The real difference between the two divorce methods is whether each party is represented by an attorney or advocates on his or her own behalf. Collaborative divorce is an excellent alternative for the person who is not comfortable divorcing without being represented by counsel. Sometimes a person is truly not capable of being his own advocate because of his experience or because an imbalance of power exists between the husband and wife. A party who is impaired by substance abuse or has been battered by a spouse will often have difficulty being a successful advocate. In other cases, a person may simply not be comfortable with the idea of making the life altering decisions that must be made in divorce without the advice of counsel every step of the way. There is no right answer for everyone. It is a personal decision. Fortunately, there are two viable alternatives to an adversarial divorce: collaborative divorce for those who wish to be represented by an attorney, and mediation for those who do not.

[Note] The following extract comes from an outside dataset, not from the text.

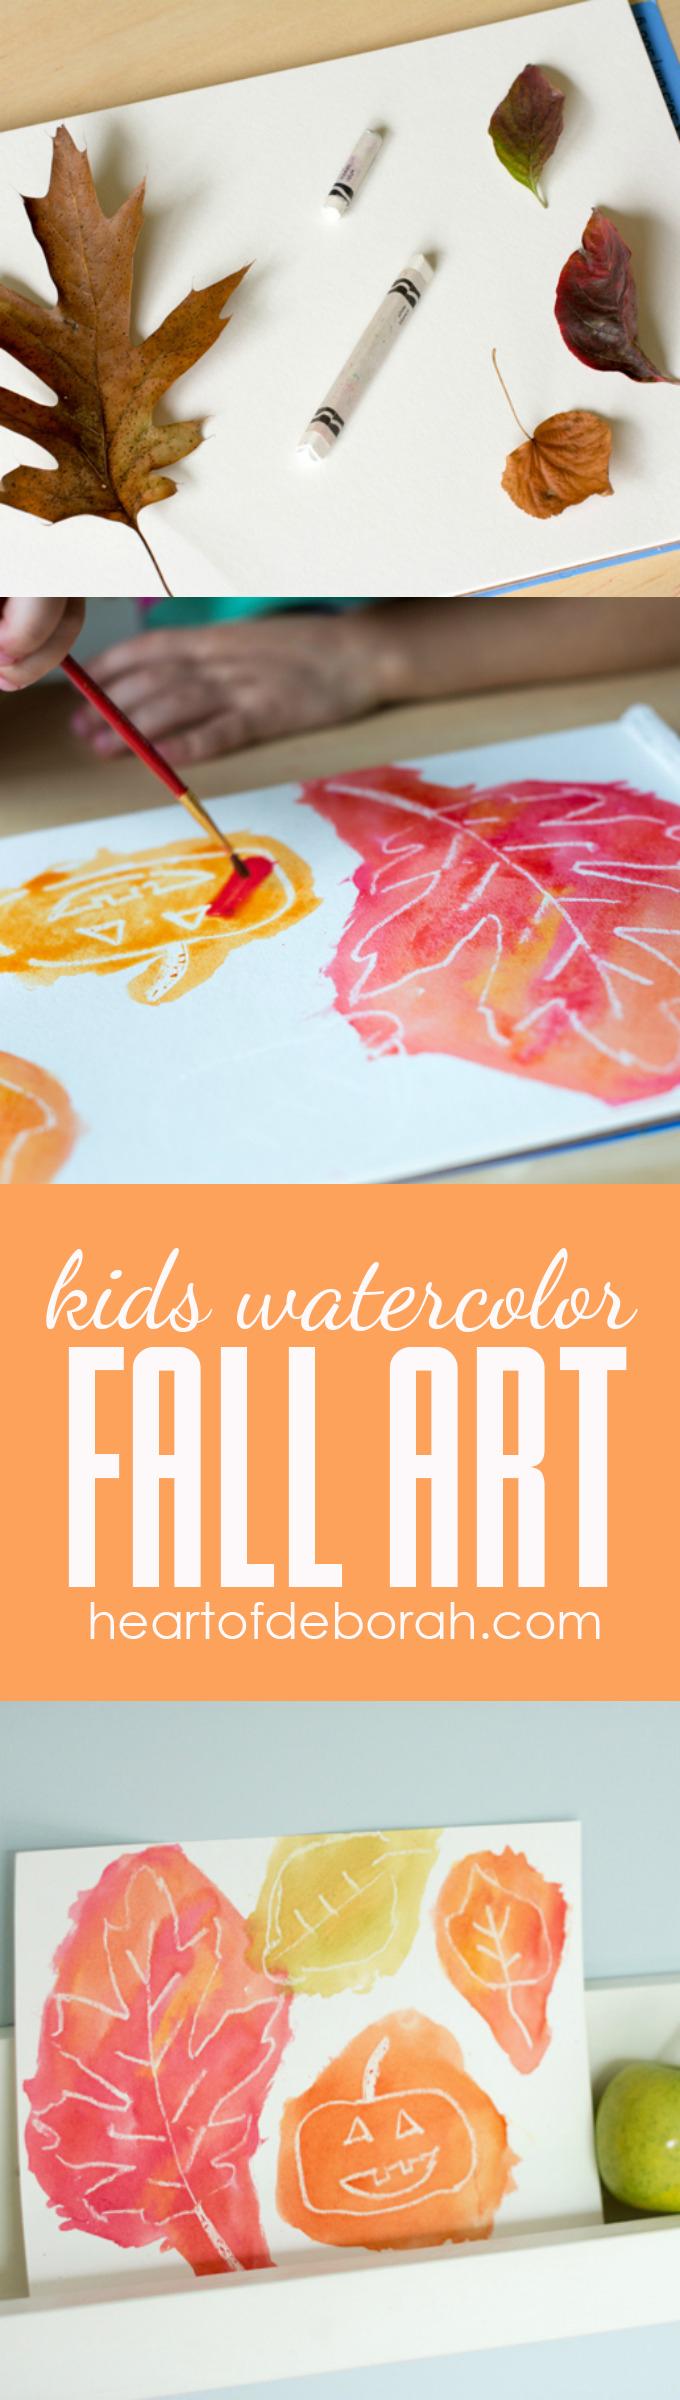 Kids Watercolor White Crayon Resist Fall Art for Kids

That is not to say that there are not meaningful differences between mediation and collaborative divorce that a couple might consider. The contributions of the financial specialist, the child specialist, and the divorce coaches are real and meaningful. At the end of the day, a couple that chooses collaborative divorce, rather than mediation, might make better informed decisions regarding their finances and their children. One might argue, however, that the same might be accomplished less expensively through a mediated divorce integrating the services of financial advisors, mental health professionals, and child specialists on an as-needed basis.